SB 703 amends North Carolina’s Workers’ Compensation Act to modernize several fixed benefit caps in the statutory “schedule of injuries,” increase the statutory minimum weekly compensation, and require automatic annual adjustments of specified maximums tied to the Consumer Price Index (CPI). The stated aim is to update benefit levels that originated in 1987 and to provide ongoing cost‑of‑living increases.

Key provisions

  • Amends G.S. 97‑29 (total incapacity rates):

    • Clarifies weekly total disability pay remains 66 2/3% of average weekly wages.
    • Raises the statutory minimum weekly benefit from $30.00 to $50.00.
    • Directs the North Carolina Industrial Commission (NCIC), beginning July 1, 2026, to increase the statutory maximum compensation annually based on the year‑over‑year percentage change in the June Consumer Price Index (BLS) — only when that percentage change is positive.
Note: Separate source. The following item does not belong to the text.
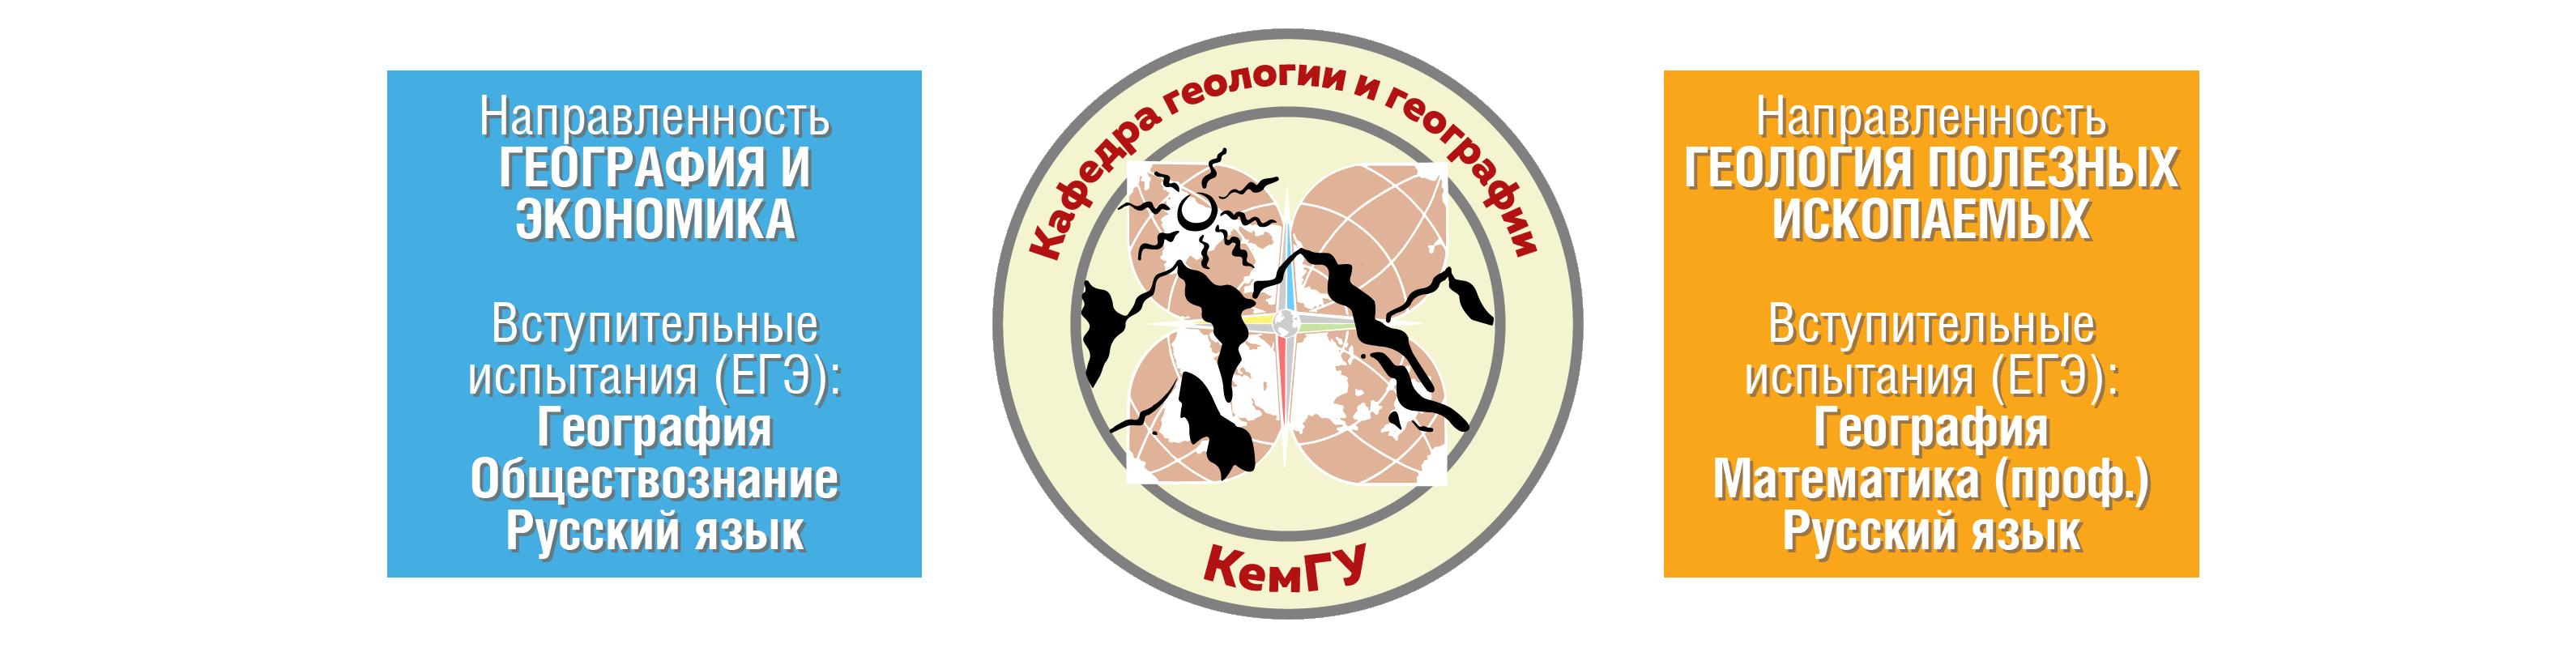 Сайт кафедры геологии и географии КемГУ

Adjustments are rounded to the nearest dollar.
  • Amends G.S. 97‑31 (schedule of injuries — fixed awards and disfigurement):

    • Raises the maximum award for “serious facial or head disfigurement” from $20,000 to $56,000.
    • Raises the maximum award for “serious bodily disfigurement” (where no other schedule entry applies) from $10,000 to $28,000.
    • Raises the maximum award for “loss of or permanent injury to an important external or internal organ” (where no other schedule entry applies) from $20,000 to $56,000.
    • Each of these statutory maximums will be subject to the same annual CPI‑based upward adjustment beginning July 1, 2026, with rounding to the nearest dollar.
  • Effective dates:

    • The specific amendments to G.S. 97‑29 and G.S. 97‑31 take effect July 1, 2026. The act otherwise takes effect when enacted.

Who is affected

  • Injured workers eligible for scheduled awards or total disability benefits: higher minimums and increased caps should raise potential awards.
  • Employers and workers’ compensation insurers: likely increased liability exposure and upward pressure on premiums and reserves as statutory caps rise and then grow with CPI.
  • North Carolina Industrial Commission: administrative responsibility to compute and apply annual CPI adjustments and implement new maximums.

Implementation / Administrative notes

  • Annual adjustments use the June CPI (Bureau of Labor Statistics) year‑over‑year percent change, applied only if positive and rounded to the nearest dollar.
  • The NCIC is the designated body to implement the annual increases.
  • No offsetting budget or funding mechanism is specified in the text; fiscal impacts (insurer premiums, employer costs) would occur through the workers’ compensation system.

Net effect

SB 703 modernizes long‑outdated statutory benefit caps, provides an immediate increase to minimum weekly benefits, and establishes an automatic, CPI‑linked mechanism to preserve benefit value over time — with foreseeable cost consequences for employers and insurers.

Compiled from official sources — confirm details with the bill’s official record.